My heart swam with joy. My tweenager wants me to come to her school.
Her excitement was suddenly hit with a wave of uncertainty.
“But Mom, the talk has to fit in with Health Week and you’re not a nutritionist, dietitian or athlete,” my kid noted.
Nope, I’m not.
I assured her all would work out. Gave her a hug. And then I began to think.
Health Week is the theme. I tell stories of innovation. Now, I just needed to connect the dots.
In my talks, I always ask what the word “innovation” means to my audience.
It is about doing things in a new way, making a difference, it can be reinventing a product or service or fixing what is or isn’t broke.
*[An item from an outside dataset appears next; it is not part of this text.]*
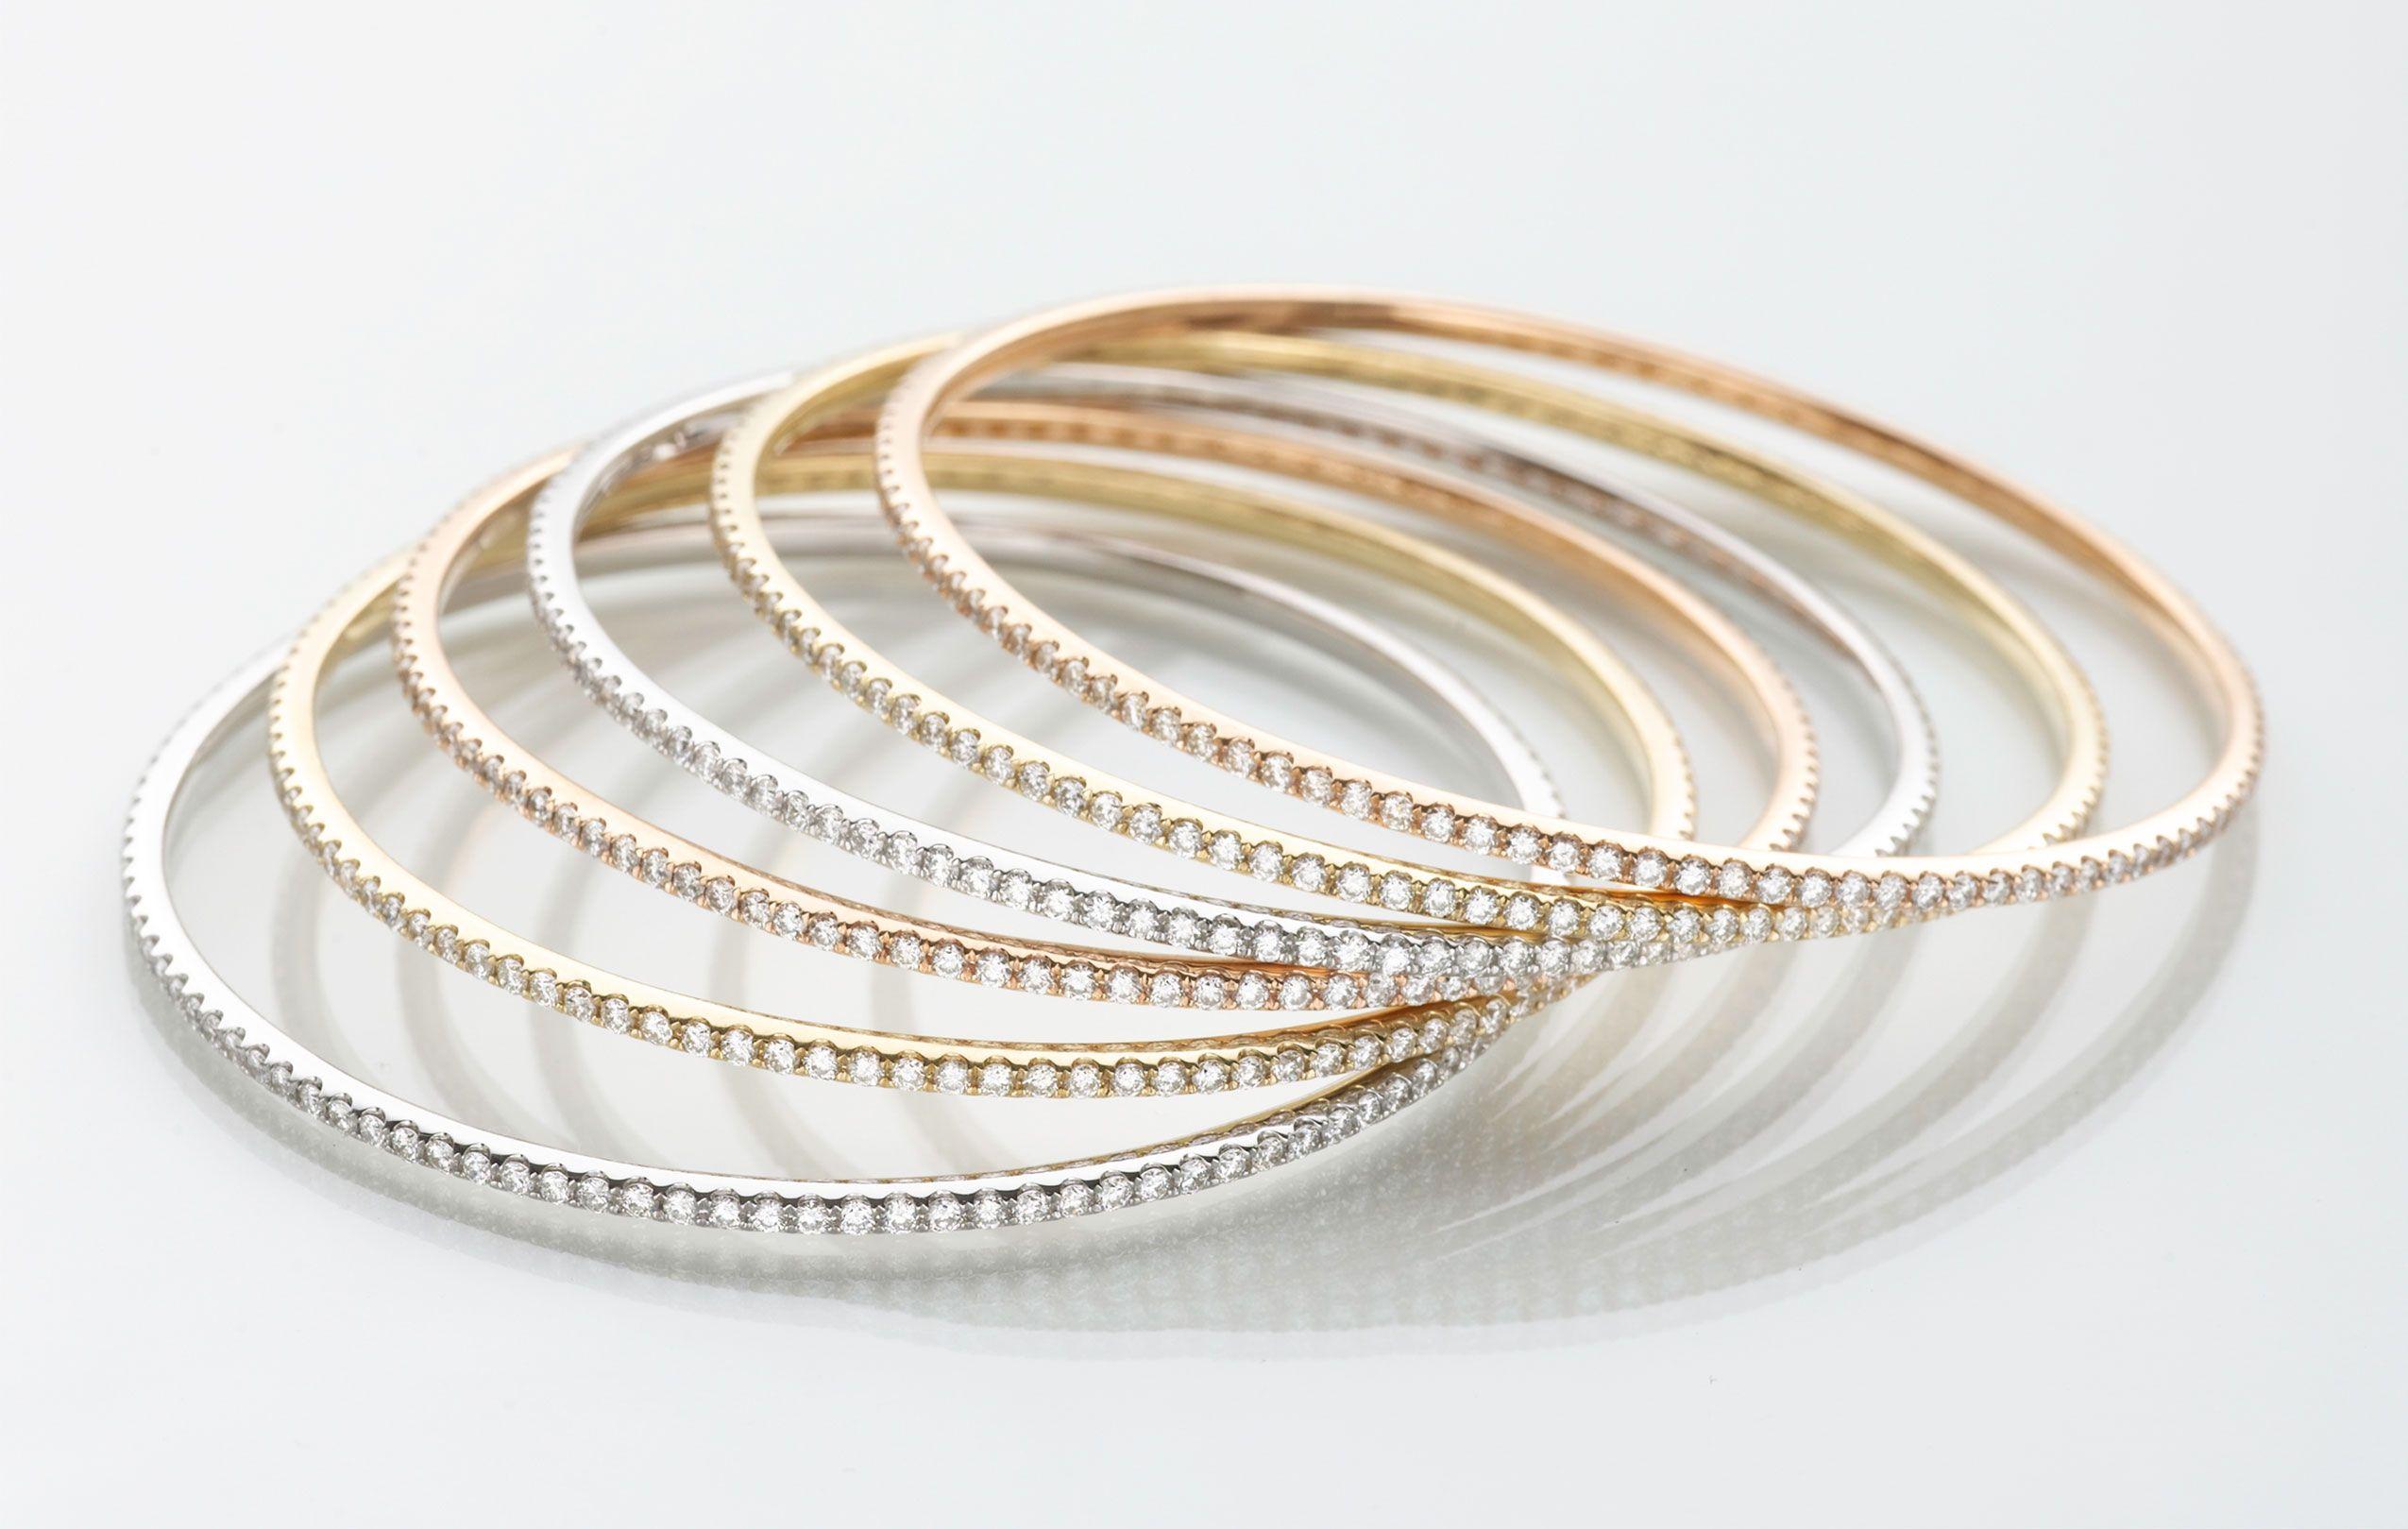 Jewelry-5-bracelets.jpg

Innovation is about ideas, serendipity, challenges and belief it can be done.
I know that Israel is not a sports mecca. It is a sports-tech hub. It is also a food-tech powerhouse. And a health-tech center.
Eureka!
I set up a call with the teacher in charge of the Health Week talks and I offered a talk on health, food and sports innovations.
As a journalist, I have interviewed numerous entrepreneurs working in sport-tech, health-tech and food-tech. I’ve collected their stories and will now repackage them to share lessons that can be learned.
I will focus on Israeli technologies – when I speak to pupils, especially, it is important for me that they take pride in their country and know they, too, can achieve the impossible if they want to. I’ll also include examples of where we can find blue-and-white tech on the global health stage.
“We’ve never had a talk like this,” the teacher said, in giving me the go-ahead.
“I hope not,” I answered. After all, I made it up for daughter.